What do we mean when we say something is designed or is the product of “design”? To design something is “to create, fashion, execute, or construct according to plan,” “to conceive and plan out in the mind,” “to have as a purpose,” “to devise for a specific function or end.”
For example, if we wish to make a hole in a wooden plank, we create a tool or machine, such as a drill, to accomplish that end. The drill is the product of design. It allows us to achieve some end, not accidentally, but rather on purpose. The functionality of a thing is insuffient to suggest design. Design requires creation or creative alteration with purpose, with intent. This is telic behavior – that is behavior tending toward an end or outcome.
Clearly the design of the drill is the product of intelligence. Something that appears to be drill-like or functions as a drill is not the product of intelligence. Such a thing may be used as a drill, but was not designed for that purpose – in fact, it wasn’t designed at all. An example would be the bill of a woodpecker. It functions to make holes in wood (and its functionality is not limited to making holes in wood), but it was not designed for this function. Its functionality is the result of evolution.
What is “intelligence”? Intelligence is the ability to learn from experience, to change behavior in an intentional way to adapt to environments, to demonstrate the capacity to reason, to acquire and apply knowledge, to solve problems, to comprehend or understand situations and respond appropriately and meaningfully. Intelligence is essentially a faculty of reason and thought.
That which is the product of design is presumed to be the act of an intelligence. It seems to me, then, that the idea of “intelligent design” is a redundant expression. Design presumes intelligence. Moreover, since design presupposes an intelligence, then things that are the products of design are things that are the product of intelligence. Please know that I am not making an argument here. I am merely defining terms. The bottomline is that things which are the products of design are things that are created, constructed and executed according to plan with an end in mind.
The mind is a product of social interaction and relations that root in a biological capacity that has emerged from a long evolutionary process. Natural and social histories represent an interlinked process that has produced an intelligence capable of identifying and elaborating that process.

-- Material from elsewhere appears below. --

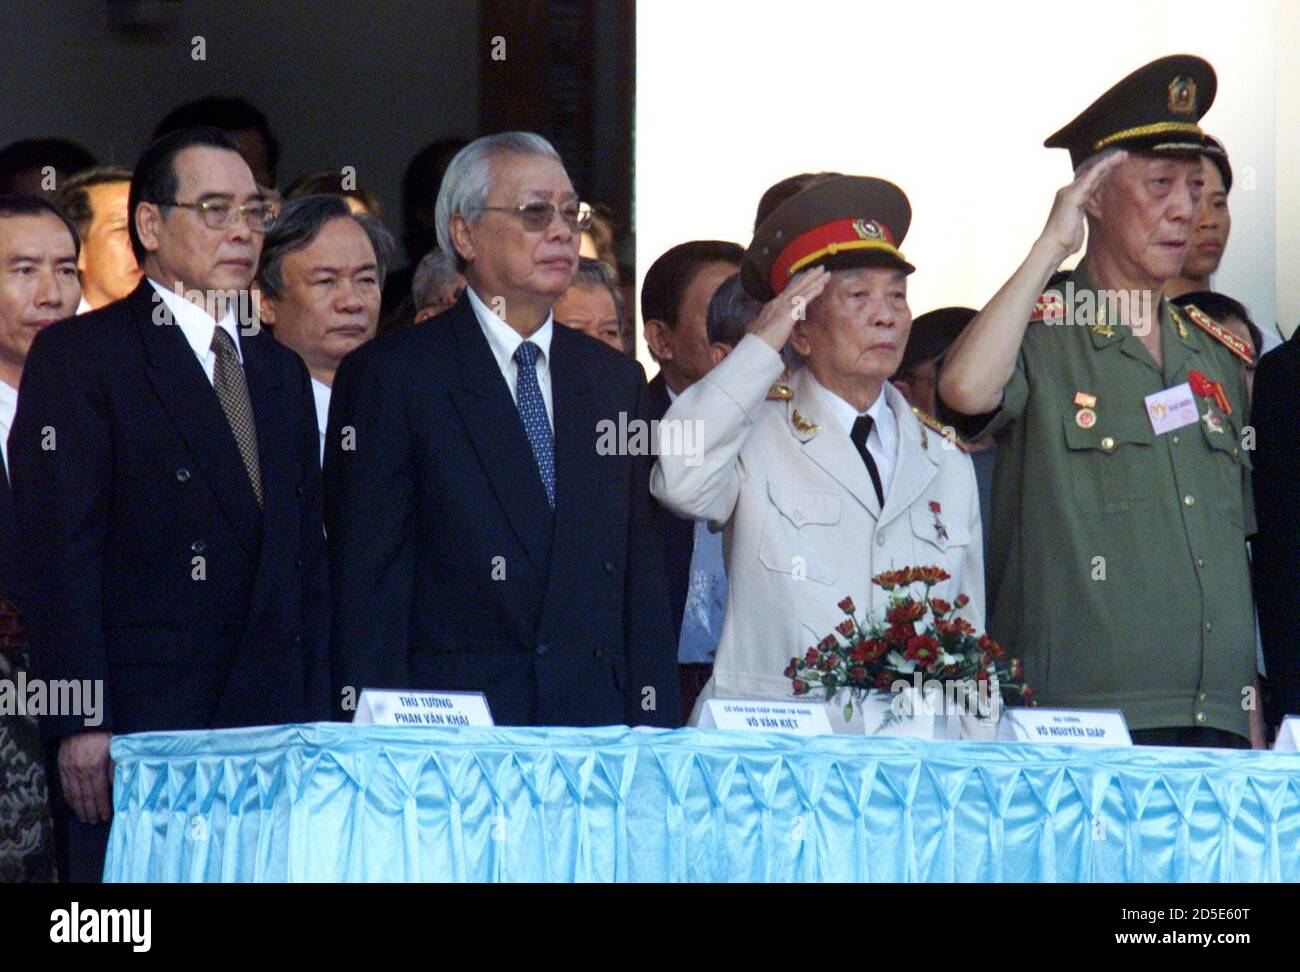 Vietnamese leaders (L-R) Prime Minister Phan Van Khai, former Prime  Minister Vo Van Kiet, Vietnam War architect General Vo Nguyen Giap, and  former Interior Minister Mai Chi Tho attend a parade commemorating

Because the emergence of consciousness has been gradual, grasping the process was not initially accurate and remains incomplete. The methods and meaning systems used to understand the process evolved over time, eventually producing science, the most successful method for explaining the process. Early methods yielded the notion that there was an intelligence behind everything. It confused function with purpose. The modern method – the scientific method – demonstrates that most things were the result of a non-intelligent process, that function was the result of evolution, not design and purpose.
Although science has not answered every question, it has managed to properly distinguish the difference between function and purpose. This is arguably the major breakthrough in human consciousness. So-called “intelligent design,” even if we grant that it is not veiled creationism (which, of course, it is) is retrograde because it wishes to deny, retard, even reverse the progress of consciousness.
This is why, while science has yielded a wide array of applications, intelligent design has yielded nothing.